There are other Pelican clients for interacting with Pelican federations such as the OSDF. For more information, see the Pelican client documentation.

For the purposes of this website, we assume that you are using the Pelican CLI client!

Confirm installation

Let's confirm you have Pelican installed by running the following command:

pelican --version

This command should work regardless of your operating system and will display the version number, as well as some information about the software build.

For example,

$ pelican --version
Version: 7.19.2
Build Date: 2025-09-11T16:10:33Z
Build Commit: 298fba8f7a7801adc35b4a3620d117ad38bb436a
Built By: goreleaser

Test download

Next, you should test that you can download a public object from the OSDF. Run the following command:

pelican object get osdf:///pelicanplatform/test/hello-world.txt ./

You may or may not see a progress bar as part of the download - it depends on how quickly the object can be downloaded. For example:

$ pelican object get osdf:///pelicanplatform/test/hello-world.txt ./
hello-world.txt 27.00b / 27.00b [=======================================] Done!
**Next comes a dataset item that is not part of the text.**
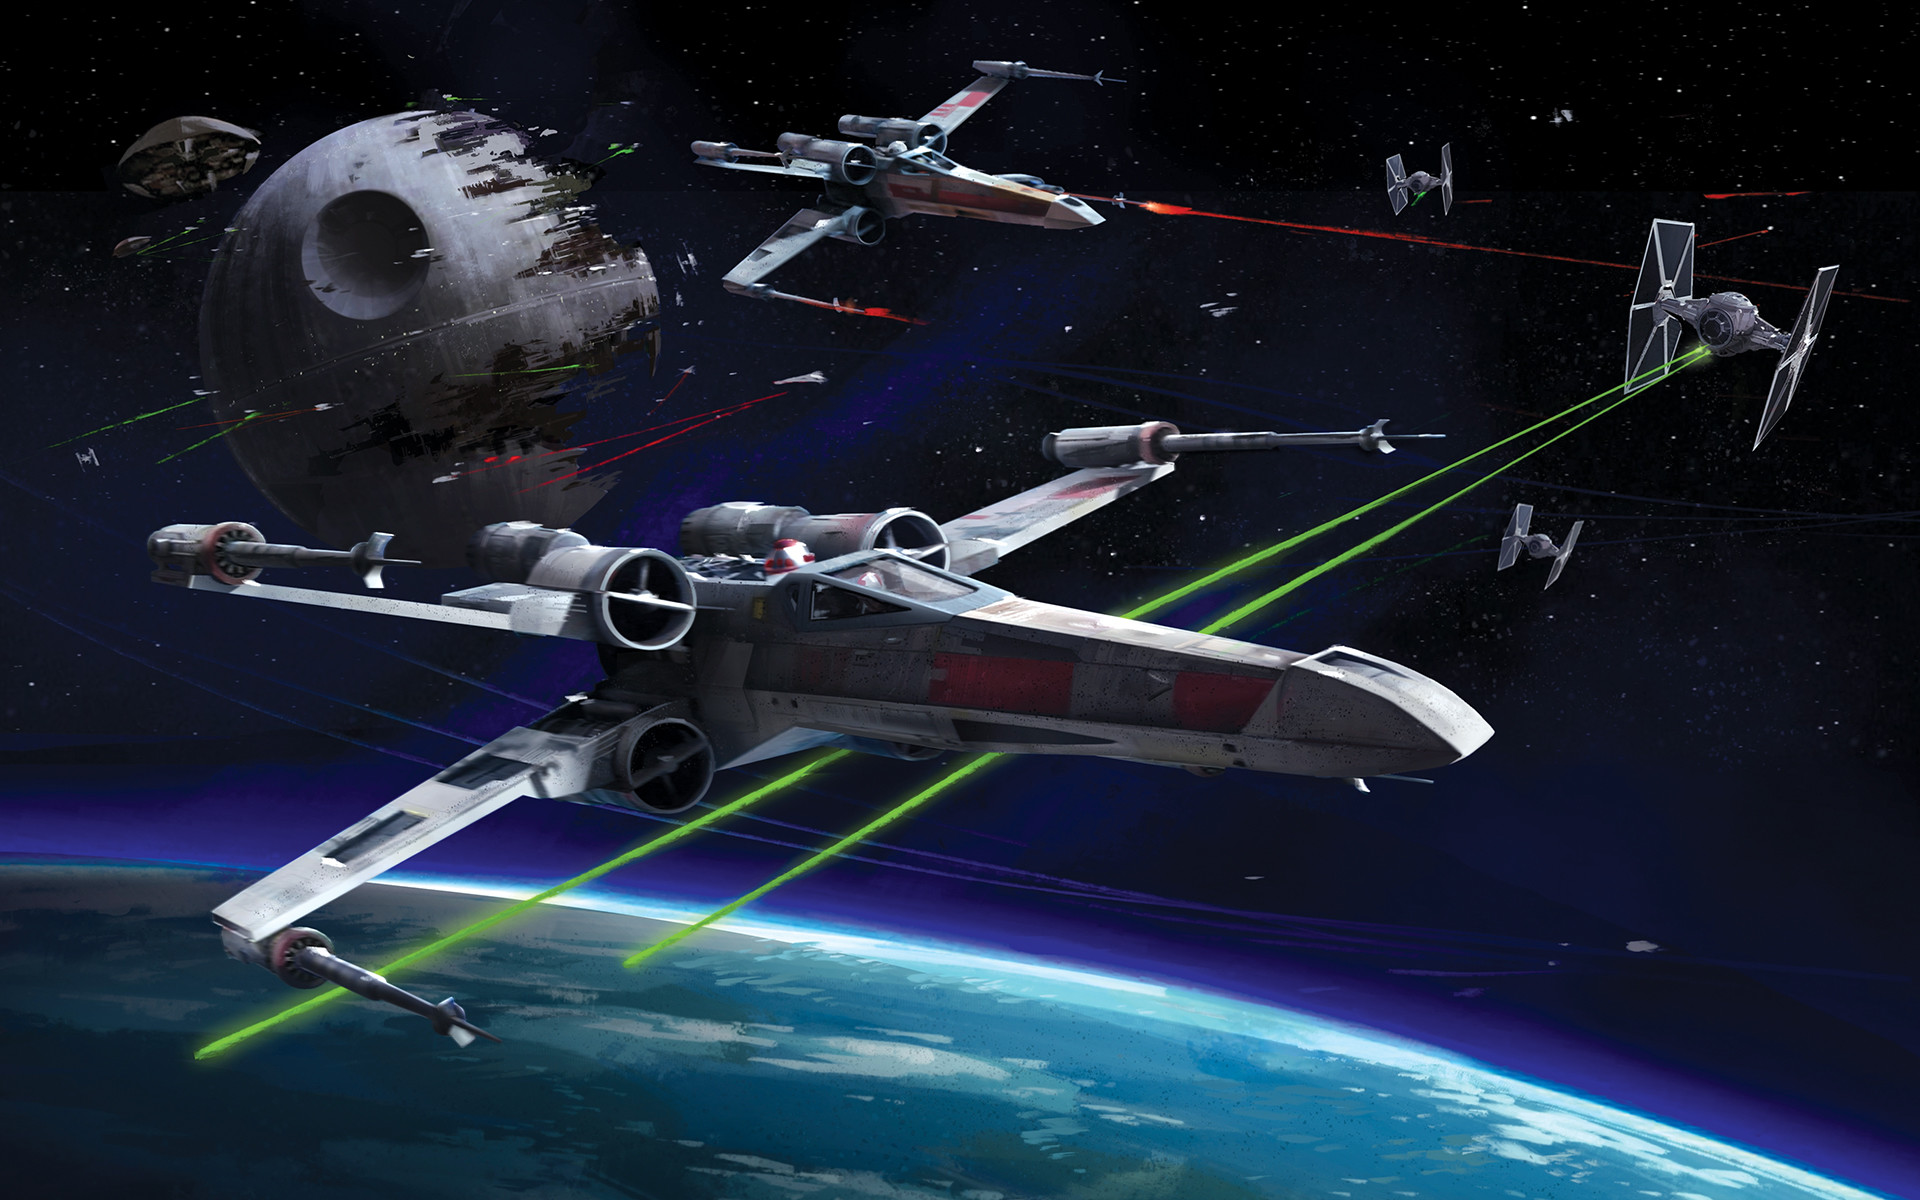 star-wars-x-wing-vs-tie-fighter-hd-wallpaper

If successful, you should see a new file in your directory called hello-world.txt, with the following contents:

If you are seeing this message, getting an object from OSDF was successful.

Pelican client basics

Understanding the test command you ran above is a good introduction to how Pelican works.

Commands

Most users will only ever use the pelican object set of commands. To see all the available commands, run this:

pelican object --help
Other pelican commands

You can see the other available sets of commands with

pelican --help

We recommend you avoid using these other commands unless you are specifically told to use one. These other sets of commands are generally used by the admins running a Pelican federation.

If you are interested in learning more about these commands, we recommend reading the Pelican docs.
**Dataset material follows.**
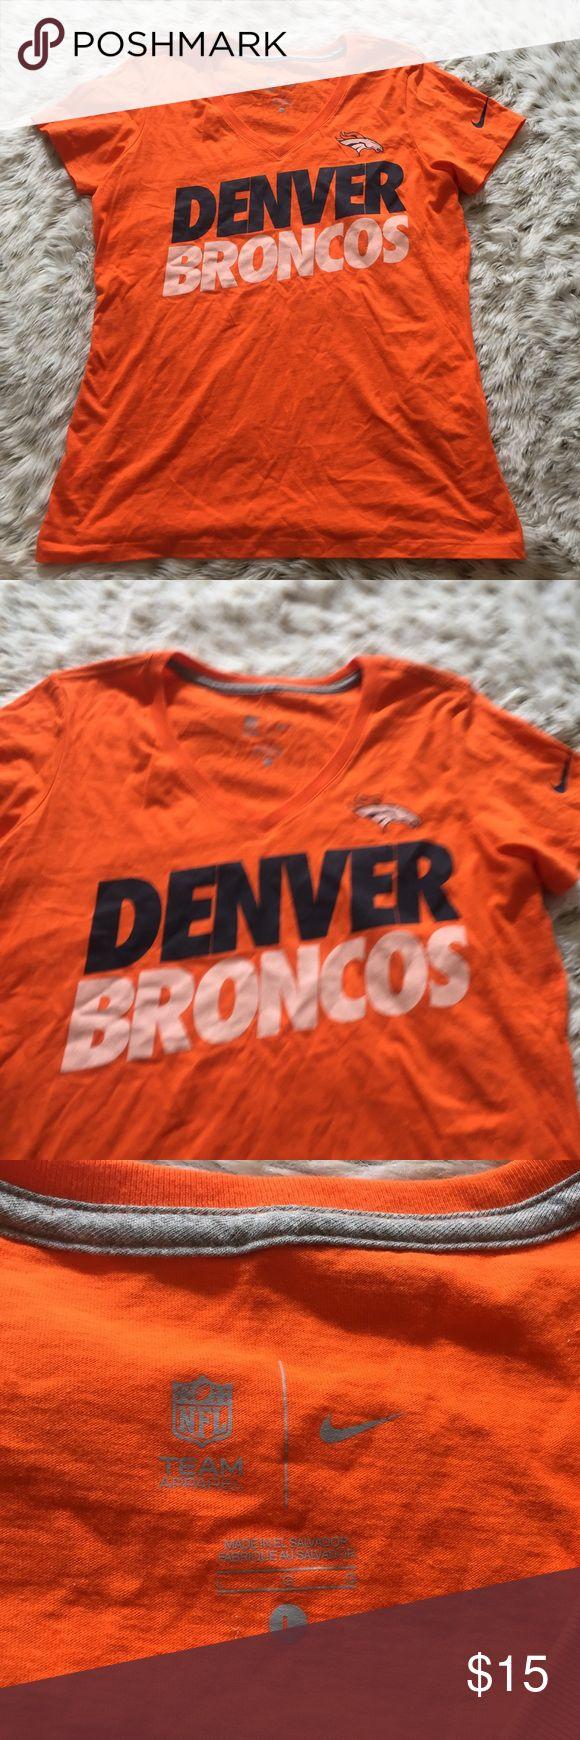 Nike Denver Broncos T shirt Nike women's size large orange and blue v neck t shirt! Denver broncos Nfl t shirt! Excellent used condition! Get ready for football season! Nike Tops Tees - Short Sleeve

The most common commands you'll use are

Command Description
pelican object ls list an object or namespace within a federation
pelican object get download an object from a federation
pelican object put upload an object to a federation

The Pelican URL

You usually need to provide a "Pelican URL" that specifies the address of the object or namespace that you are interacting with. For objects in the OSDF, this URL has the following format:

osdf:///<namespace>/<object_name>
  • The osdf:// prefix tells Pelican to use the OSDF.
  • The /<namespace>/ part tells Pelican where to find the desired dataset(s).
  • The <object_name> part tells Pelican the specific object to find.

If you are managing the data in a namespace, understanding the distinction between the namespace part and the object part is important. But otherwise, most end users won't need to know the difference.

Altogether now

You now have all the pieces to understand the test command that you ran earlier:

pelican object get osdf:///pelicanplatform/test/hello-world.txt ./
  • pelican object get is used to download an object from a Pelican federation
  • osdf:// tells Pelican to use the OSDF
  • /pelicanplatform/ tells Pelican to look in the pelicanplatform namespace
  • test/hello-world.txt tells Pelican to look for the object named test/hello-world.txt
  • ./ tells Pelican to download the object to the current directory
What's in an (object's) name?

You may have noticed in the explanation that Pelican sees the object name as test/hello-world.txt but when you downloaded the object, the file was saved as hello-world.txt!

While Pelican uses the bucket-object paradigm (like S3), it knows when and how to translate into the traditional directory-file paradigm when appropriate. In fact, at the Pelican origin serving the pelicanplatform namespace, the test/hello-world.txt object almost certainly maps to a file hello-world.txt inside of a directory test in the connected data storage.